[Exercise objective] Repeat the whole listing word for word, skipping pictures.

[Material provided]

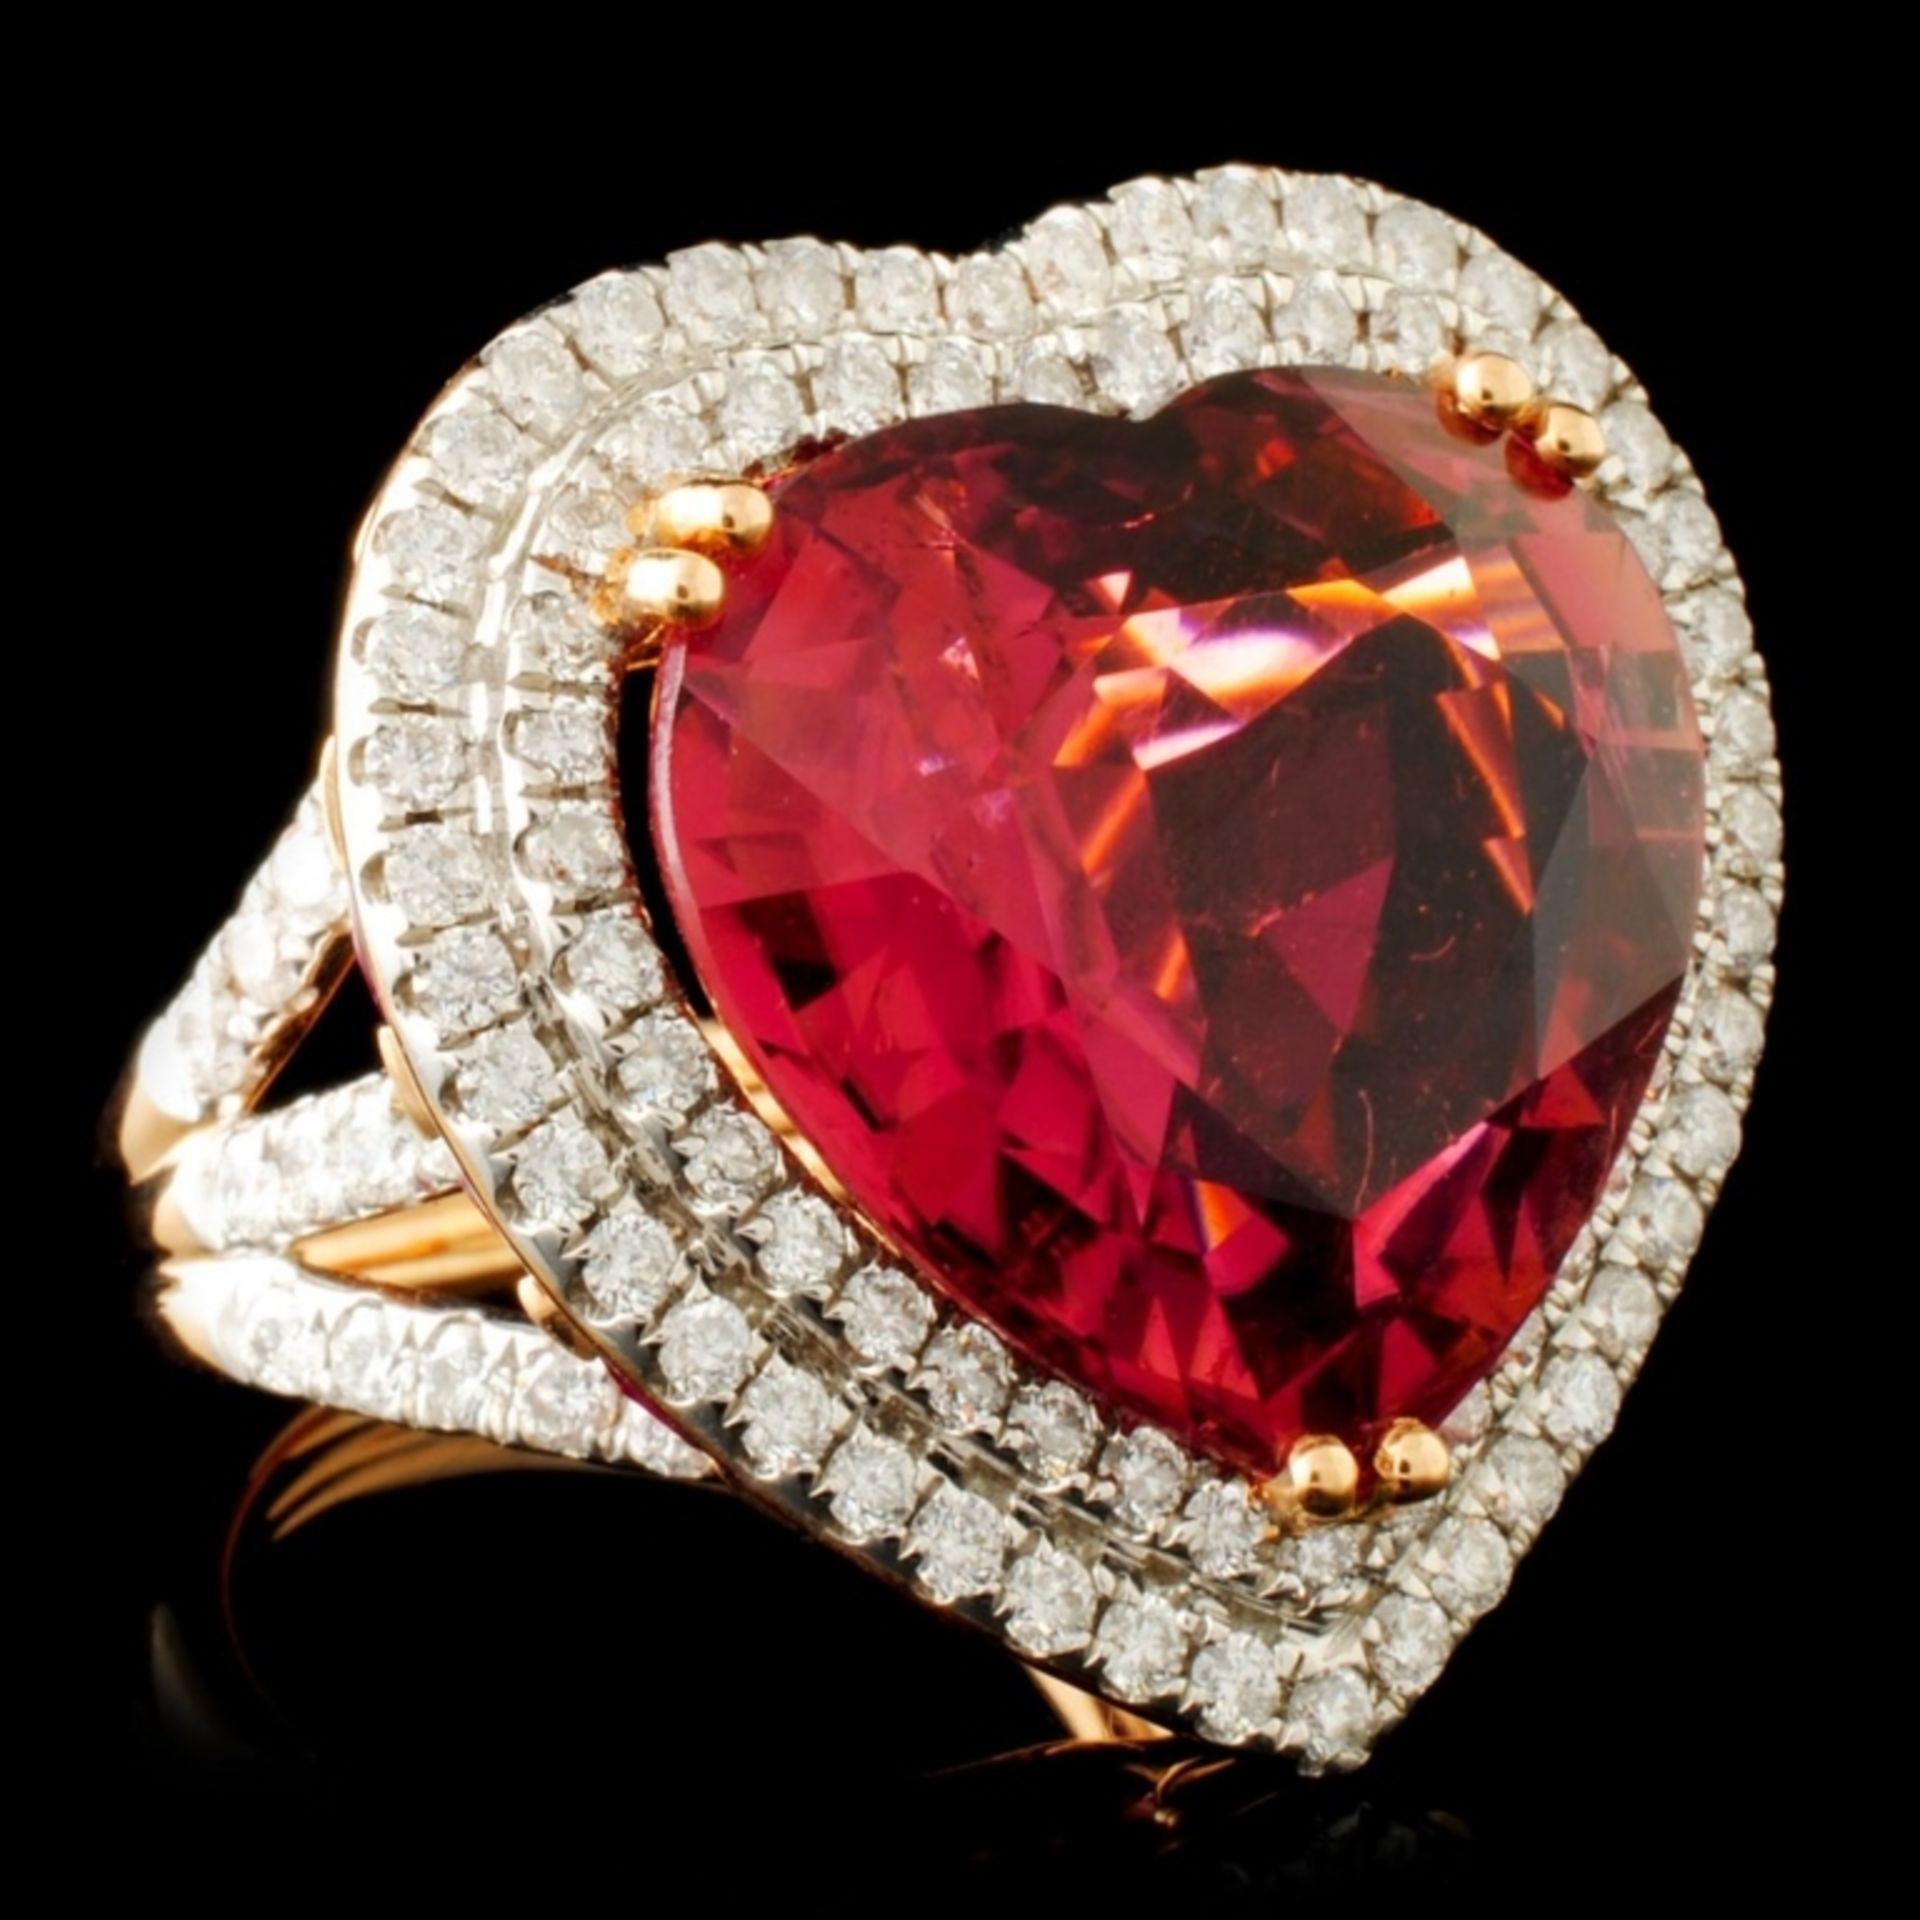 18K Gold 16.47ct Rubellite & 1.76ctw Diamond Ring - Image 3 of 6
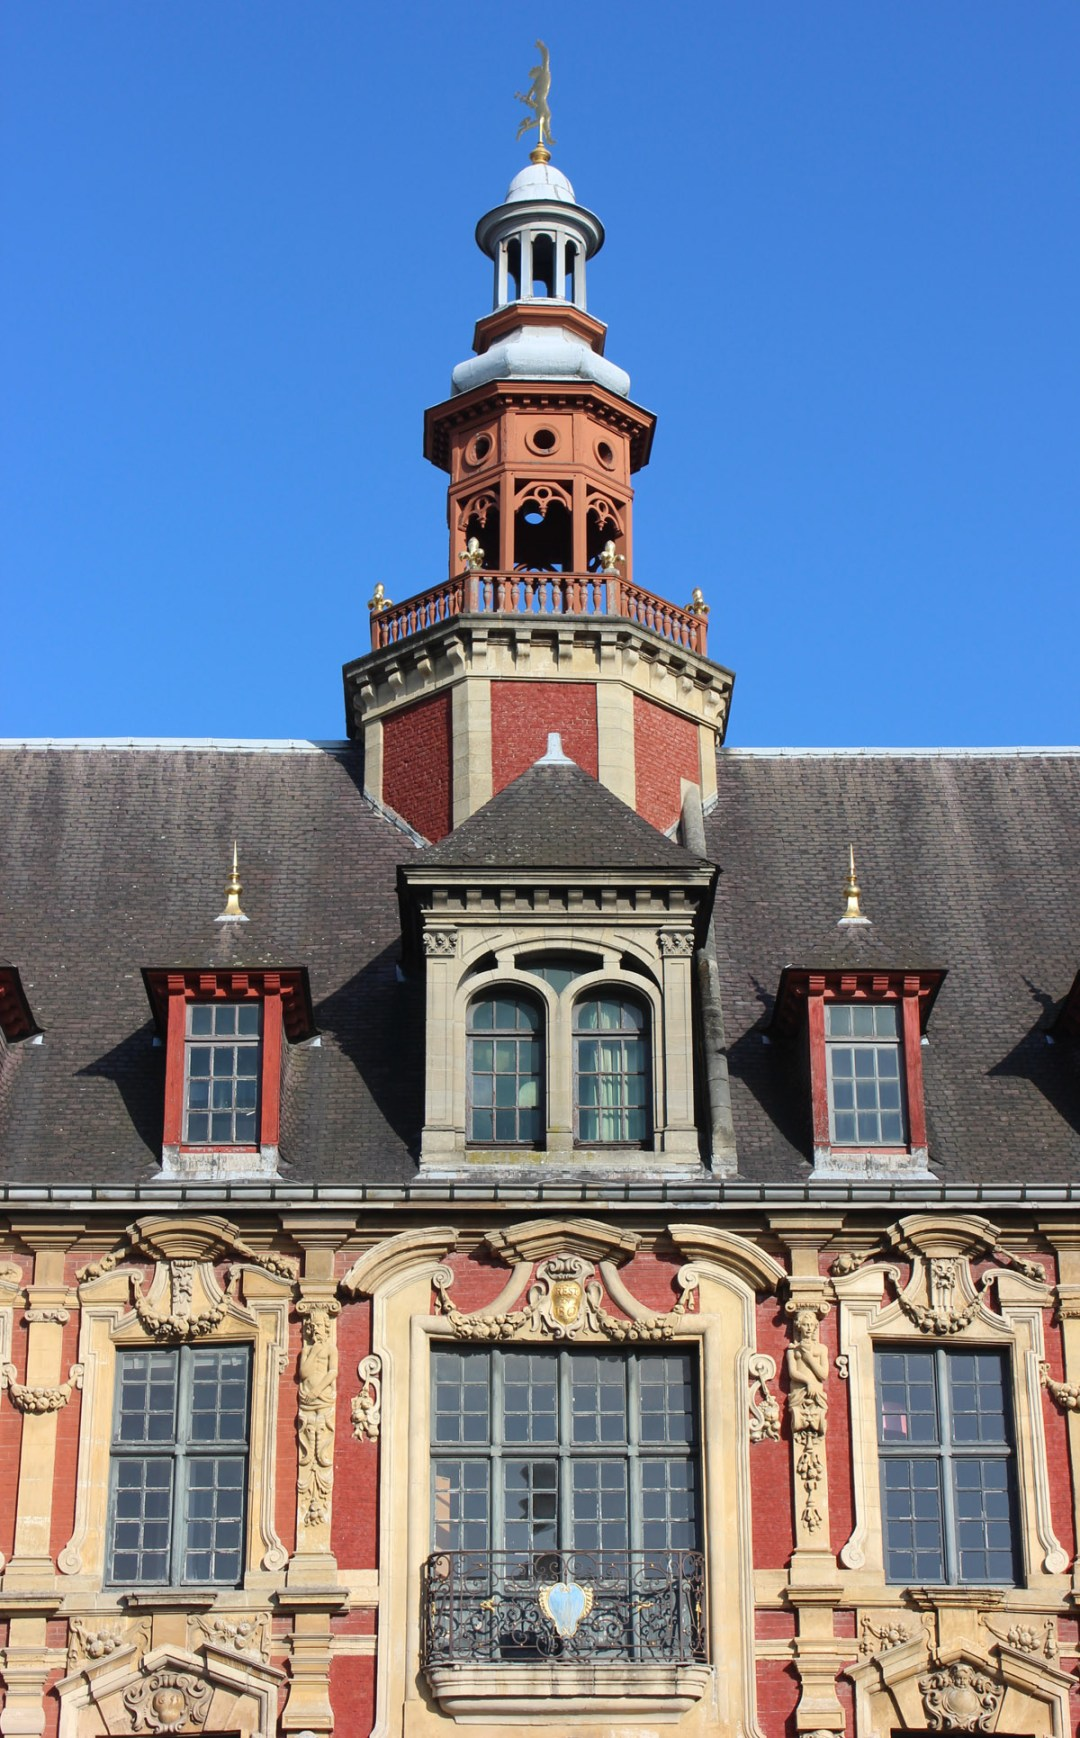 Lille-voyage-copyright-happynewgreen-176
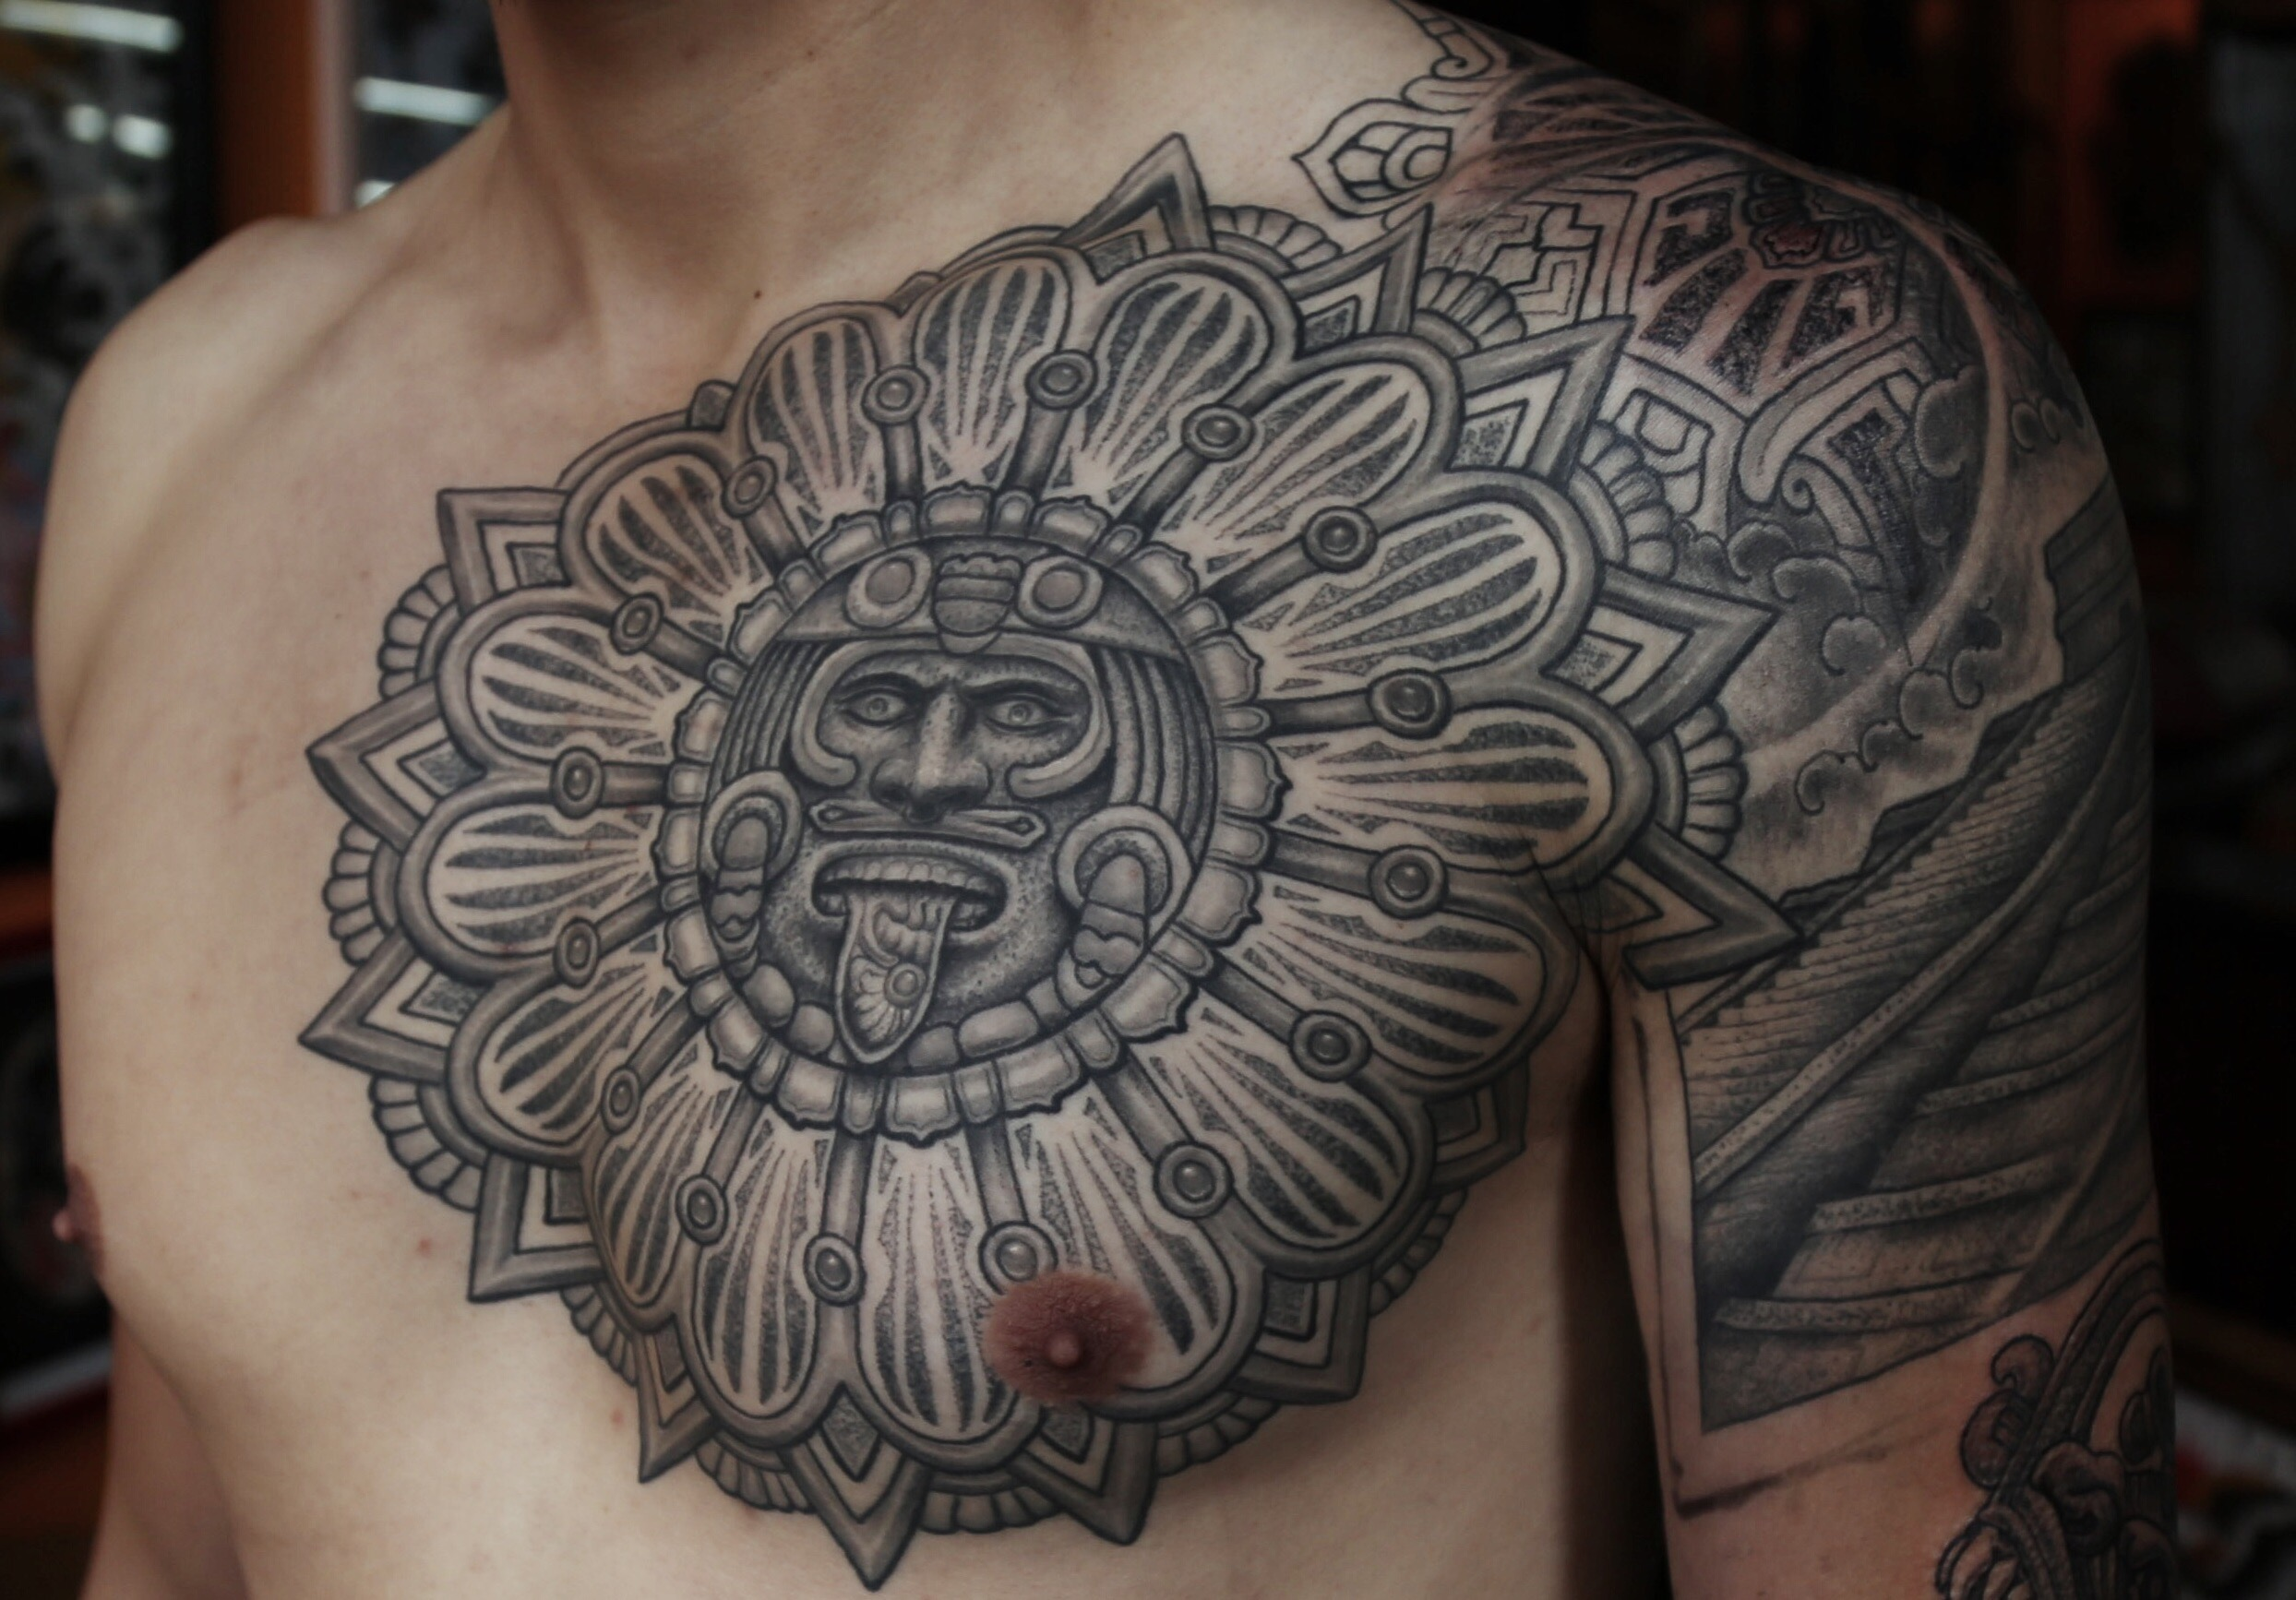 enrique bernal ejay tattoo dallas texas aztek calendar stipple.jpeg

[Response to this task]
 18K Gold 16.47ct Rubellite & 1.76ctw Diamond Ring - Image 3 of 6
 Lille-voyage-copyright-happynewgreen-176
 enrique bernal ejay tattoo dallas texas aztek calendar stipple.jpeg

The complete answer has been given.